* What the task requires: Print the data exactly. Omit the pictures.

* Dataset extract:

/---

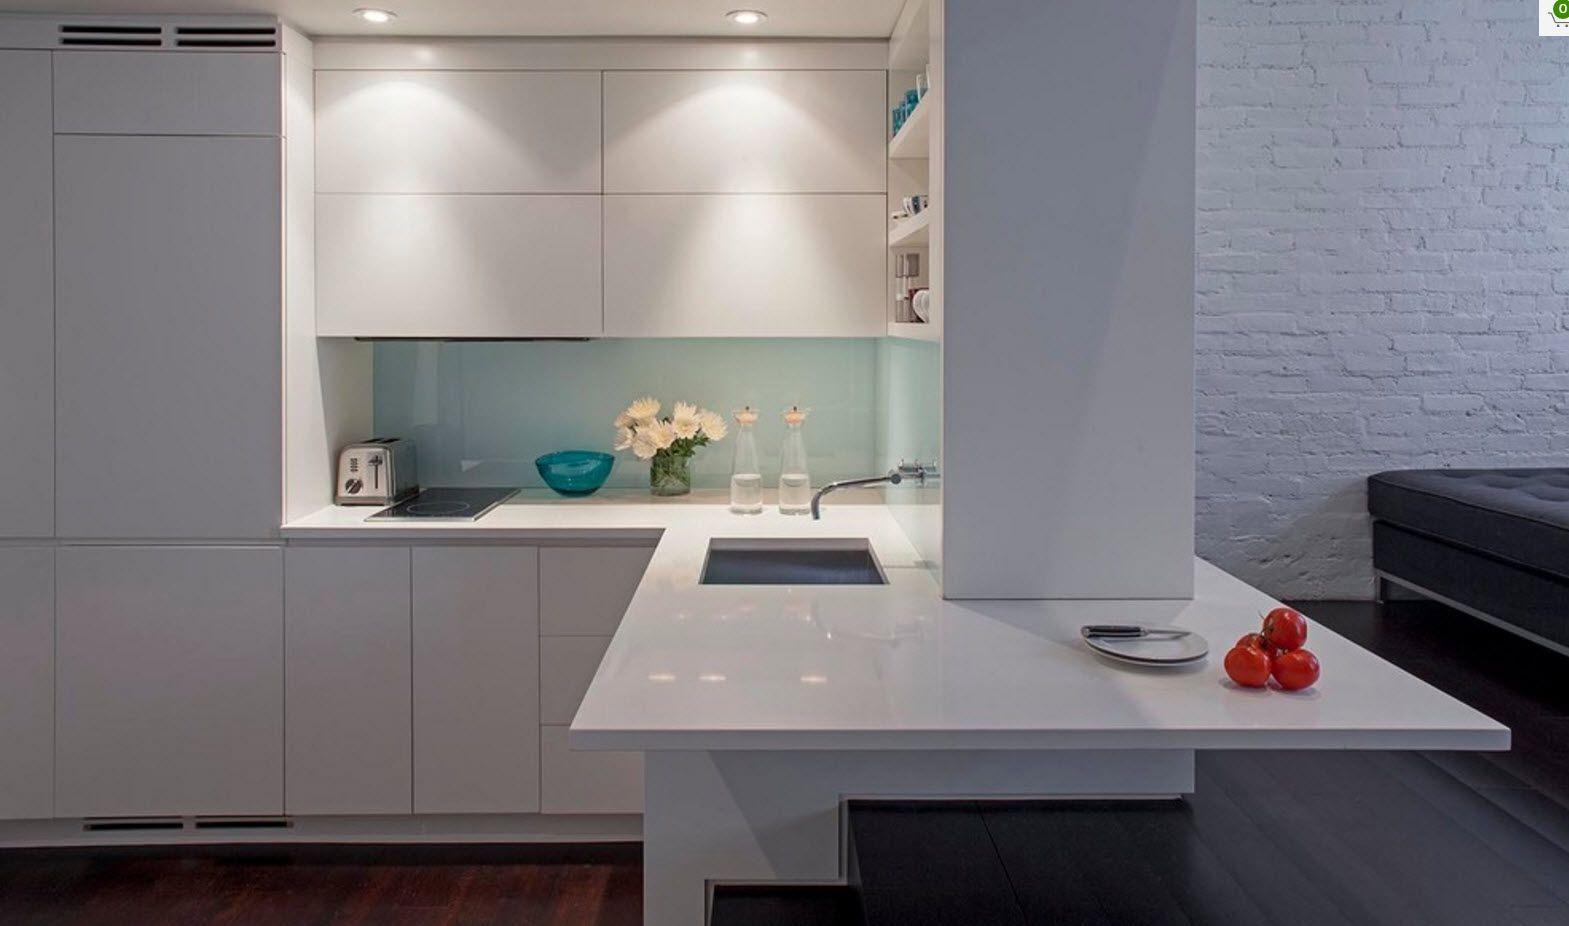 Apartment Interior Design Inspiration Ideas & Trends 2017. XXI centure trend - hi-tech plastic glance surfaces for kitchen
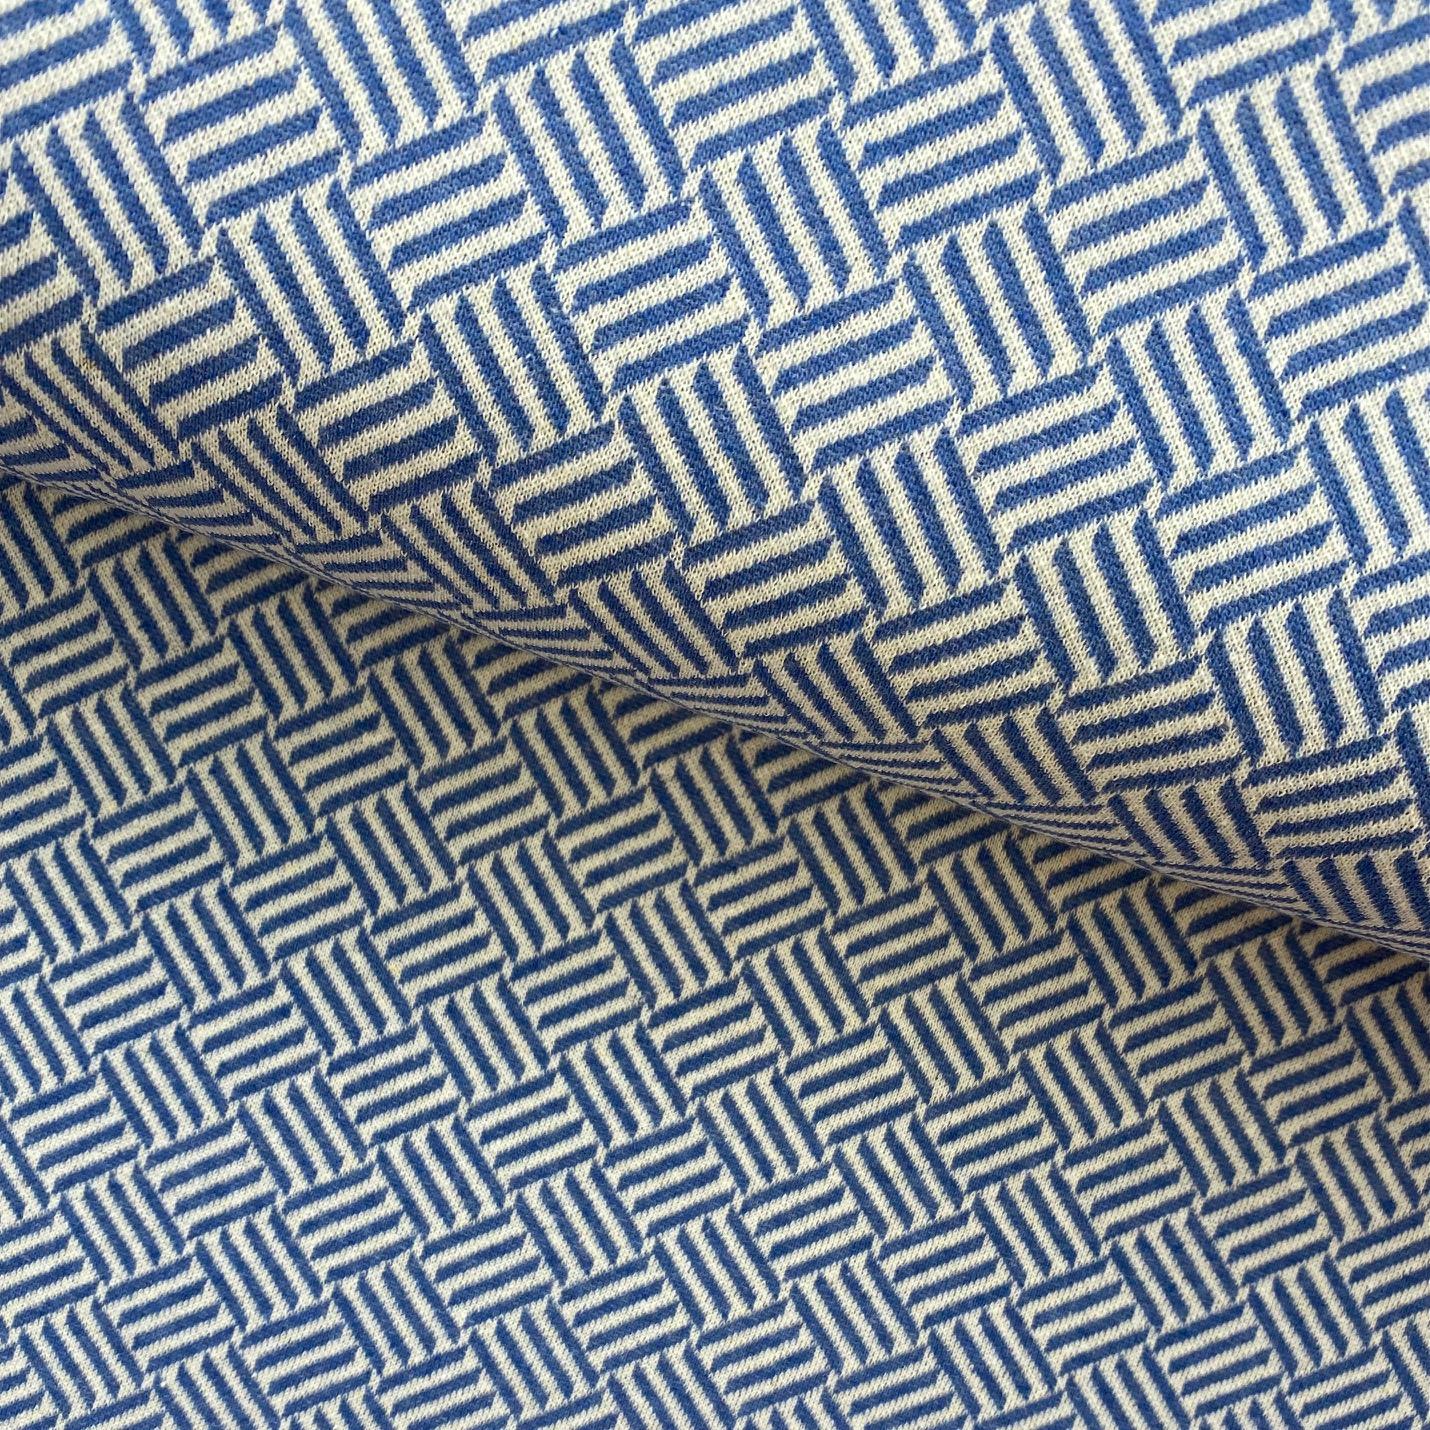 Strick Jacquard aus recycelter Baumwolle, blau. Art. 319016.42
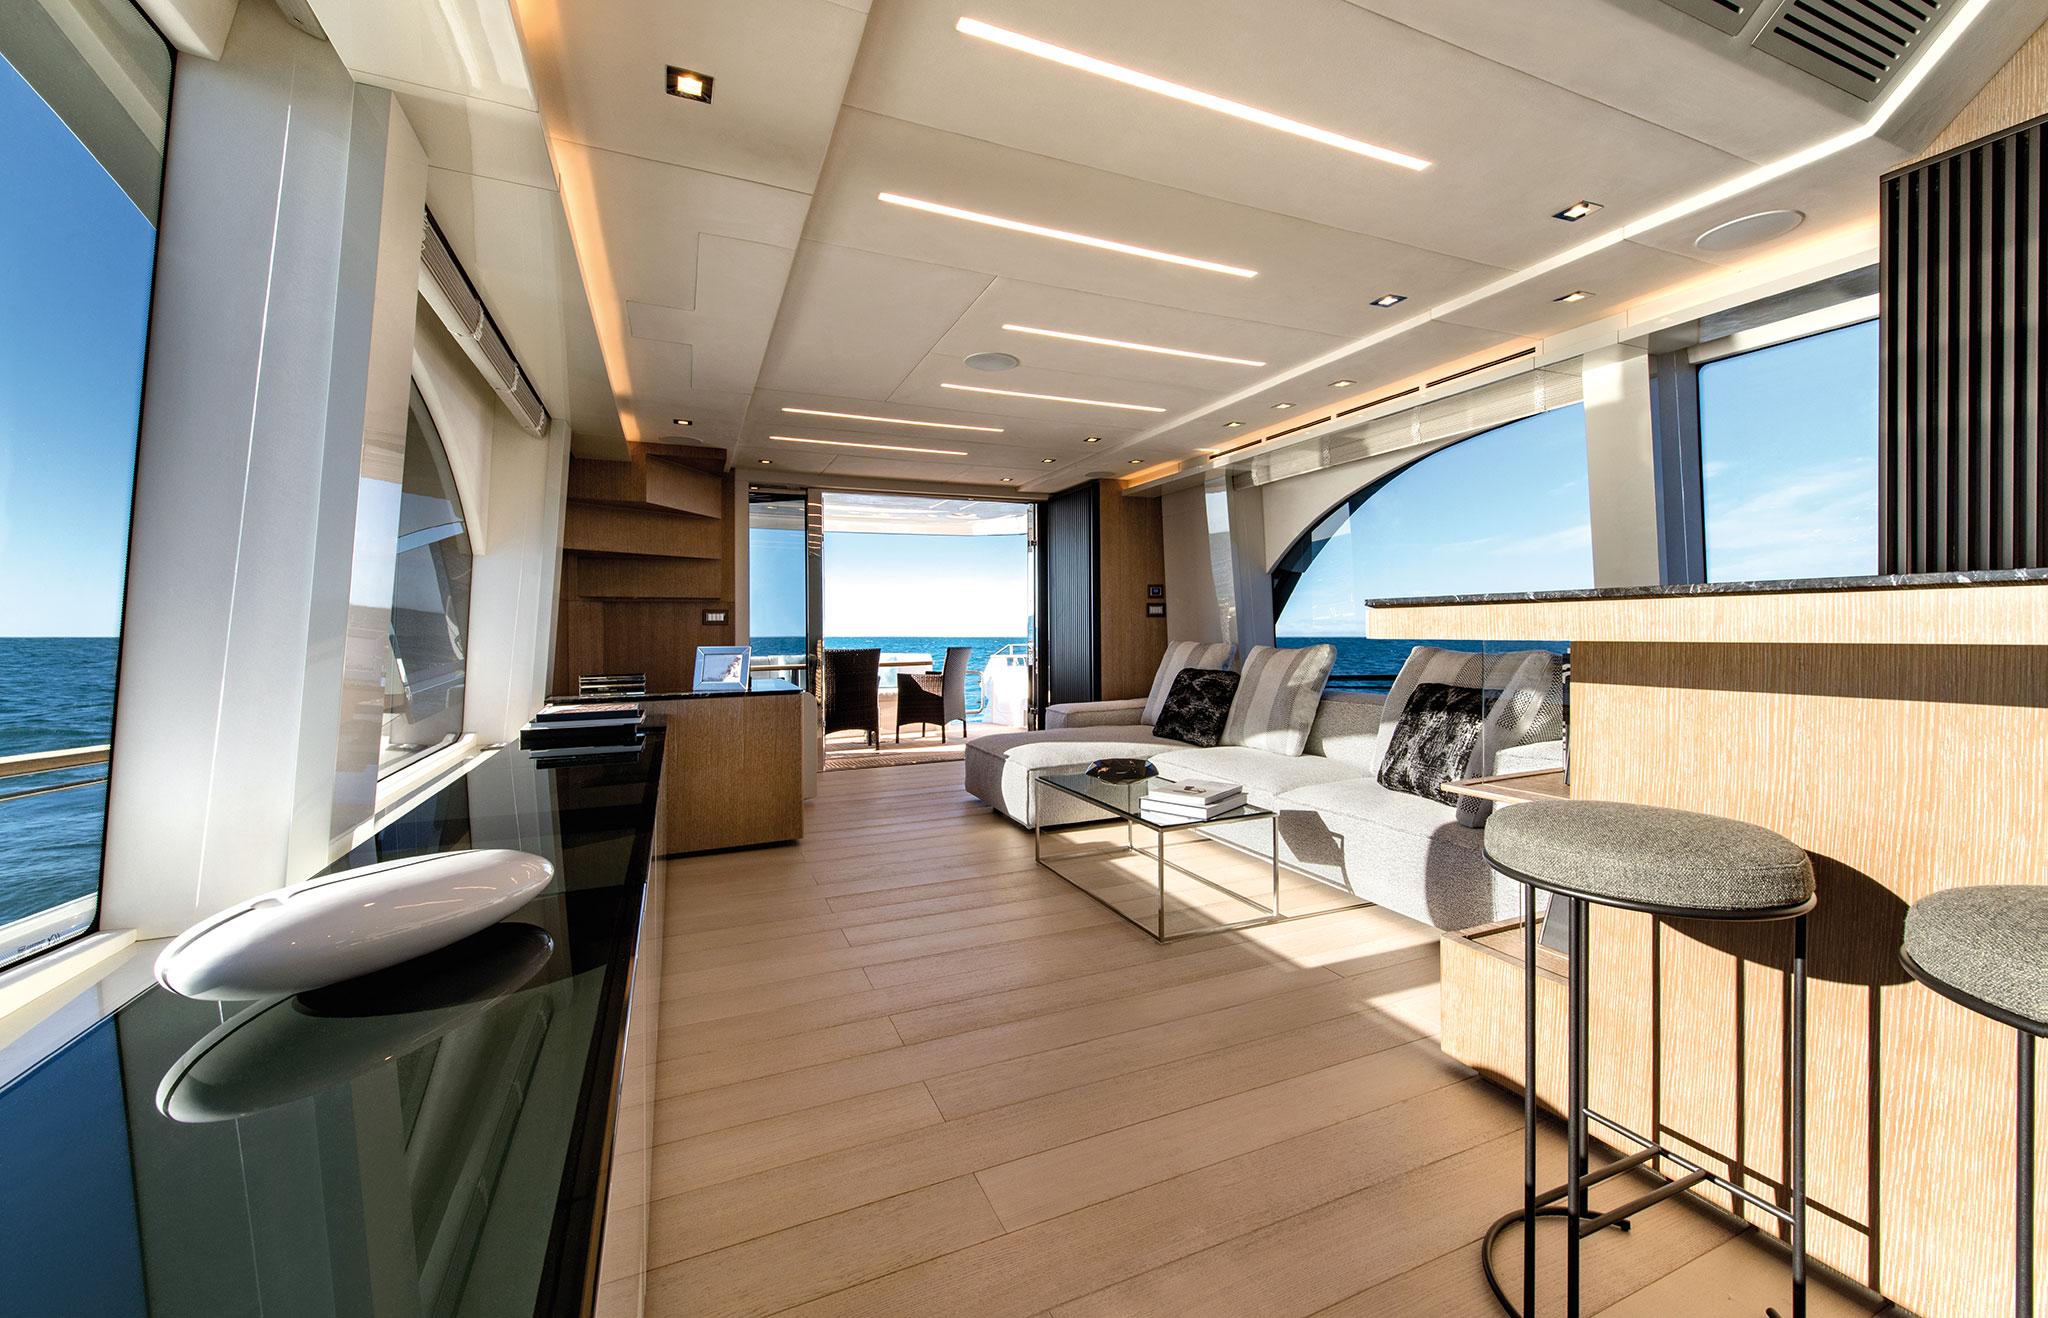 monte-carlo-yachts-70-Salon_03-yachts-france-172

\---

* Response area:
 Apartment Interior Design Inspiration Ideas & Trends 2017. XXI centure trend - hi-tech plastic glance surfaces for kitchen
 Strick Jacquard aus recycelter Baumwolle, blau. Art. 319016.42
 monte-carlo-yachts-70-Salon_03-yachts-france-172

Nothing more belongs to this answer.